Shift in Borrowing Attitude

As the interest rates on personal loans in India rise, many borrowers are reconsidering how they borrow money. Some borrowers take short loan tenures, so there is less interest expense. Others are exploring alternatives like gold loans or top-up loans, which typically have less interest expense. Digital platforms that provide comparisons are gaining momentum as they allow borrowers to find competitive opportunities.

Economic and Industry Outlook

The Indian outlook in 2025 is mixed. Although GDP growth remains solid at 6.8% in 2025 (IMF estimates), inflation pressures affect disposable incomes, especially fuel and food prices. The RBI is targeting inflationary issues and pursuing rate hikes, which means personal loan interest rates remain high in India. However, many digital platforms that offer loans are also investing in technology, such as AI, that seeks to automate, bypassing traditional methods for assessing and approving loans.
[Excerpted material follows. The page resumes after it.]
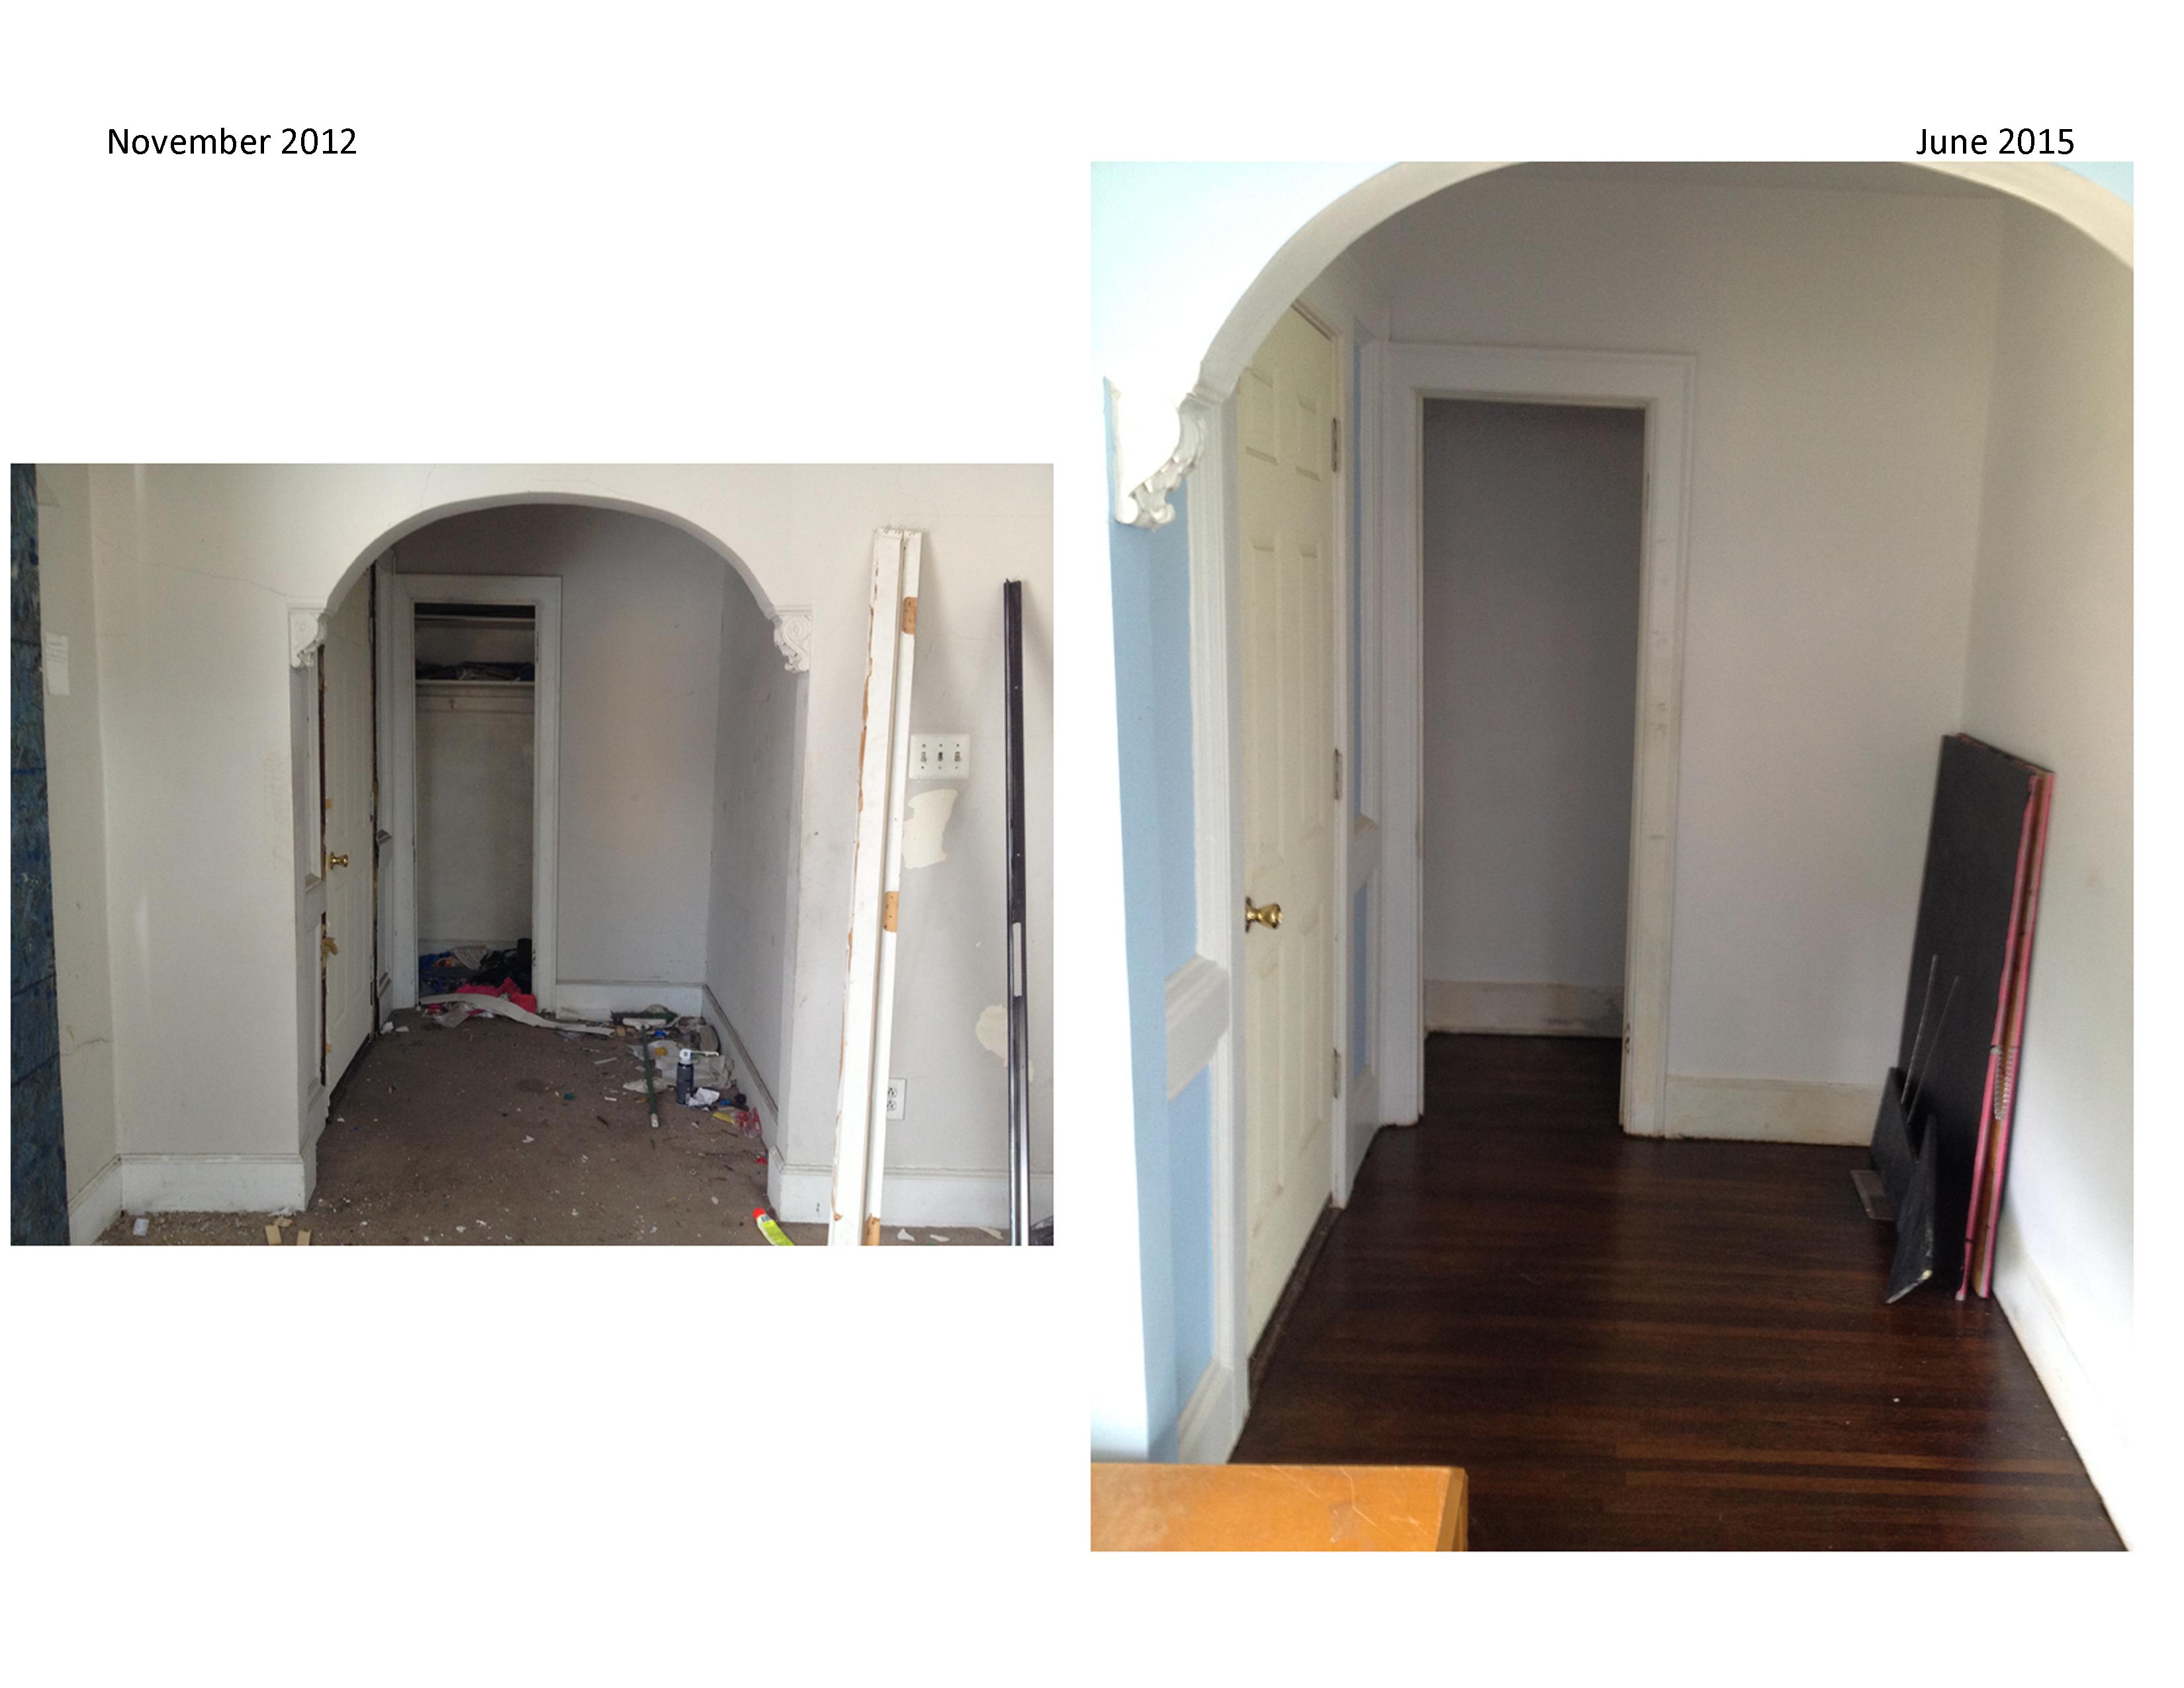 4firstfloorfoyerBeforeAfter300.jpg

And, while some markets fall into predatory lending, stricter regulations remain in force, requiring checks for creditworthiness.

Conclusion

India's rise in personal loan rates shows the economy faces its fair share of challenges. However, when the economy changes, borrowers and their credit health must remain in control when selecting personal loans. Great scrutiny is encouraged to identify options and choose a lender whose terms align with your repayment capacity. As digital lending continues to evolve, using EMI calculators and interest rate comparisons will continue to allow consumers to control the process. By continuing to educate themselves on personal loans, Indian borrowers should be able to manage them efficiently when interest rates rise.

Disclaimer: Speak to a certified financial advisor about all personal loans to help identify if a personal loan will support your financial goals.